As for my subtitle, the Jesus I learned about in church healed lepers and blind people, he raised Lazarus from the dead, he turned water into wine so the party could keep going. He talked about compassion, turning the other cheek (as opposed to an eye for an eye), getting the whores and money changers out of the temple (oh, wait -- not my point), and tolerance. He was non-violent (let's call him a forerunner of Gandhi). In fact, he really just wanted the freedom of his people (who were the Jews, by the way, not Christians) from the oppression of the Romans. He taught people about God's extreme makeover; no more pestilence, plague and wandering the desert -- His love is for everyone!
So, what do I think Jesus would do if he were walking down the street in an industrialized nation (I think that's unlikely -- he didn't show up in Rome, he showed up in Bethlehem, a Roman-occupied territory; it's more likely he'd show up in Iraq or Tibet these days)? I think he'd remind people that the price of gas isn't worth a hill of beans, unless those beans are being sent to people in Africa to help them grow bean crops (give a man a fish vs. teach a man to fish). I think he'd say, "Okay forget all that earlier stuff aboutnot spilling the seed and help prevent the spread of this disease." And if you need some further convincing, let's say his reason is, "God sent this as a test of human tolerance and a lesson for the wealthy to reach out to the disadvantaged and save the world." (Note: I DO NOT believe that HIV/AIDS is a disease sent by God to punish anyone. I think it's something that popped up when people were eating an endangered species. Please don't quote me out of context.) I don't think Jesus would think it's a good idea to bomb civilians (even if those civilians are in a wealthy country), nor do I think he would advocate retaliation (he might not say, "Offer up the subway line, too," but I doubt he'd think that destroying infrastructure in struggling nations is a good idea either).
Emily Starr talked about "Father's God" vs. "Aunt Elizabeth's God." I actually quite liked this idea when I first read it. I think you should have to read the book if you want to know what I mean, but let me summarize: "Father's God" was good and kind and compassionate; "Aunt Elizabeth's God" was tyrannical and fierce and rigid.

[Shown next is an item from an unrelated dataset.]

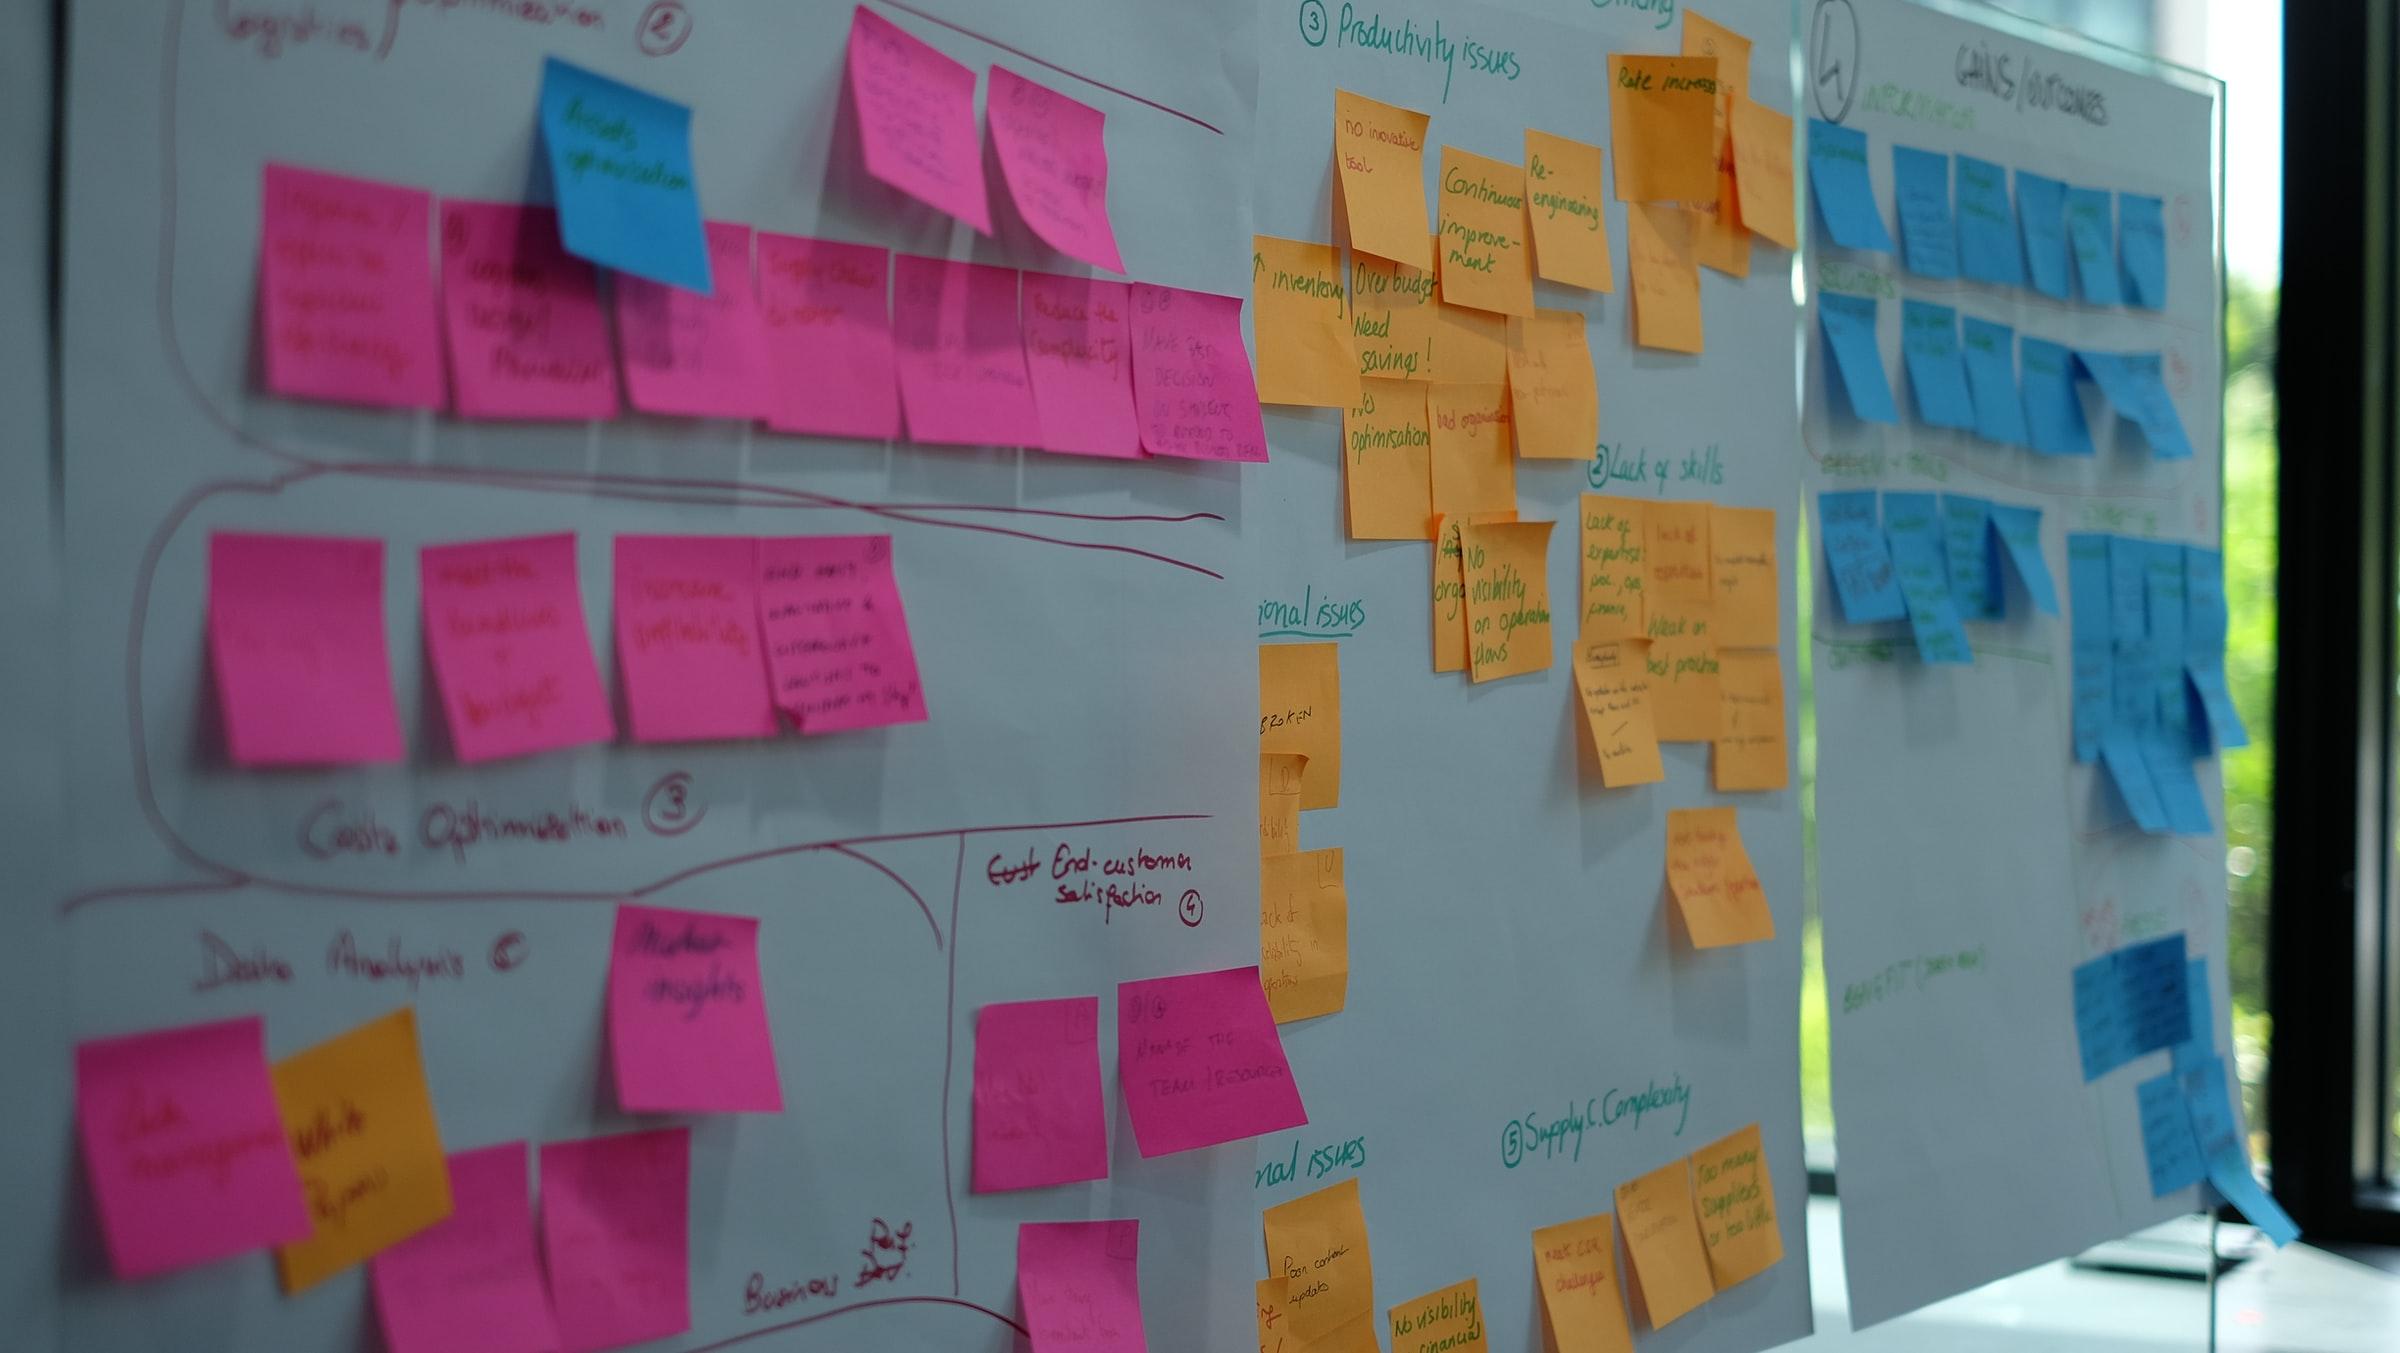 metagorà - business model canvas

Maybe L. M. Montgomery was a bit of a prophet when she characterized these two very different beliefs in what God wants and how he operates.
I just don't think there's anything in the Bible about letting people suffer to the extent that they do while worrying about whether a billion dollars should be spent on air transports for the military or on subsidies for wheat farmers.*
*I love farmers because I get to eat, I'm not a fan of subsidies that make it harder for those in the 3rd world to make a living.